Re: Convert DHS (SPSS?) missing value codes to Stata codes in Stata dataset [message #6968 is a reply to message #6874] |
Fri, 07 August 2015 09:23 |
Bridgette-DHS
Messages: 3190 Registered: February 2013
|
Senior Member |
|
|
Following is a response fron Senior DHS Stata Specialist, Tom Pullum:
I can suggest three different ways to deal with these kinds of missing value codes. I use them all the time.
As an example, take hw70, the height-for-age z-score. The anthropometry z-scores have several special codes in the vicinity of 9999. Sometimes you will find values in that vicinity that do not even have a label, but all such values must be excluded.
One approach would be simply to have a line such as "replace hw70=. If hw70>9000". Values with "." Are always considered by Stata to be missing and will be ignored from calculations. The problem with this is that you have now lost the original hw70. A second approach would be "gen hw70r=hw70" and "replace hw70r=. If hw70>9000". I add "r" for this kind of simple recode.
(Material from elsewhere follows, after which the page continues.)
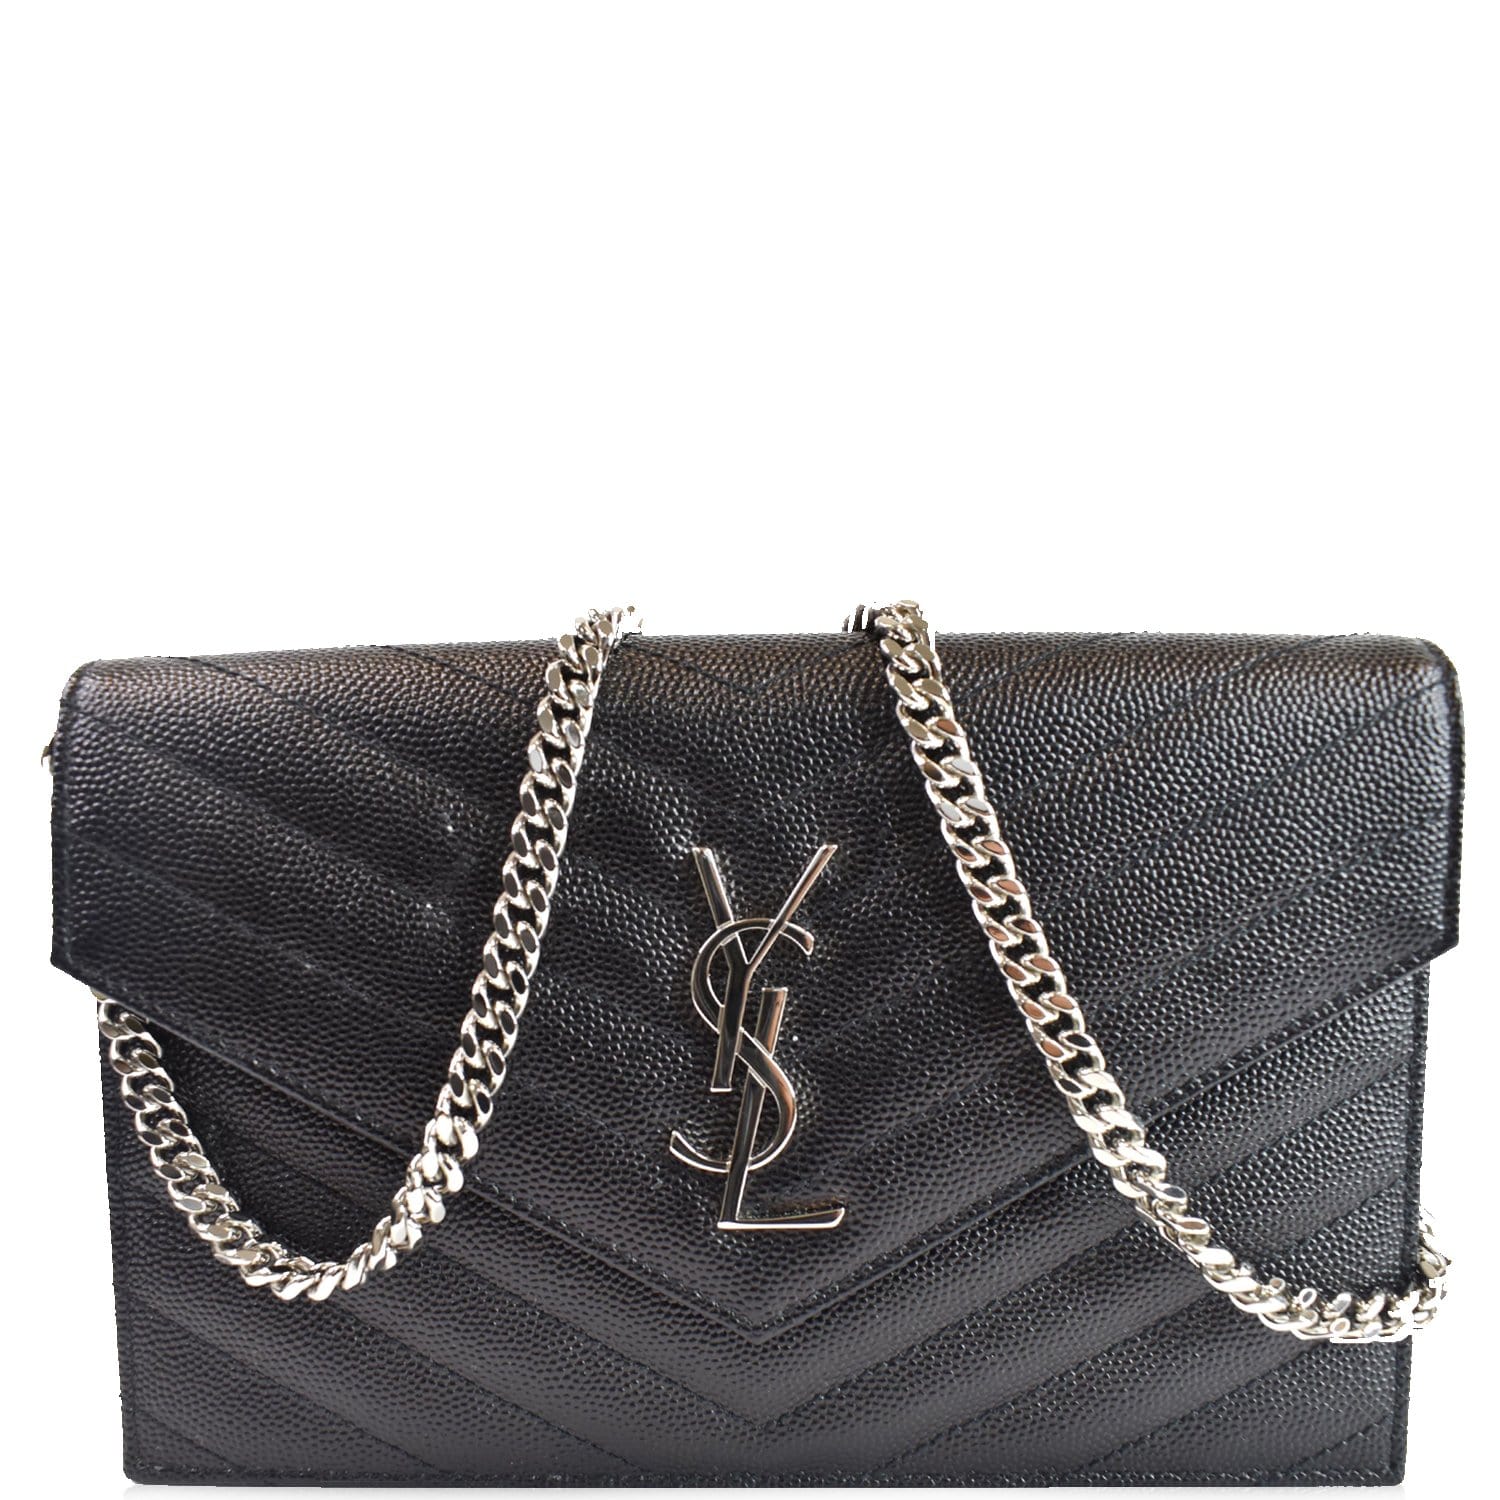 YSL Saint Laurent Wallet on a Chain WOC Crossbody Bag Black Silver
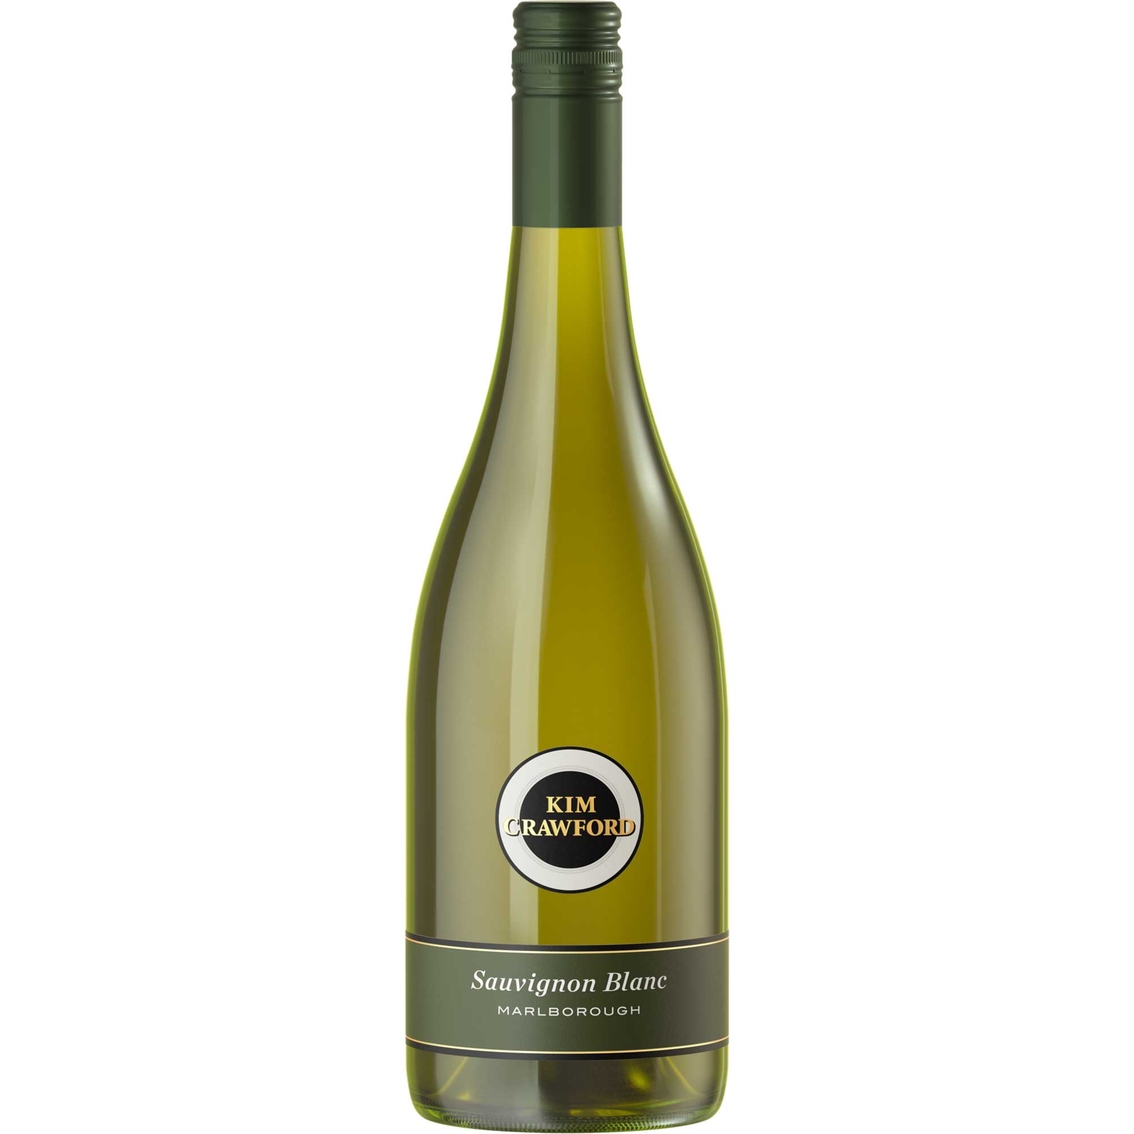 Kim Crawford Sauv Blanc White Wine, 750ml - Image 1 of 2

Then any analysis would use hw70r in place of hw70, and you still have the original hw70. A third approach, when you have several related variables, could be something like the following. "gen hw7x_missing=0", "replace hw7x_missing=1 if hw70>9000 | hw71>9000 | hw72>9000". Then in your analysis, you could limit yourself to the cases that are non-missing on all variables by including "if hw7x_missing==0". I use this third approach if, say, I want to do a series of regression on exactly the same cases.
One more thing --in the DHS data files, the code "." Always means "not applicable". You should not confuse that meaning with what I have implied above, which is "please ignore in any calculations"!
|
|
|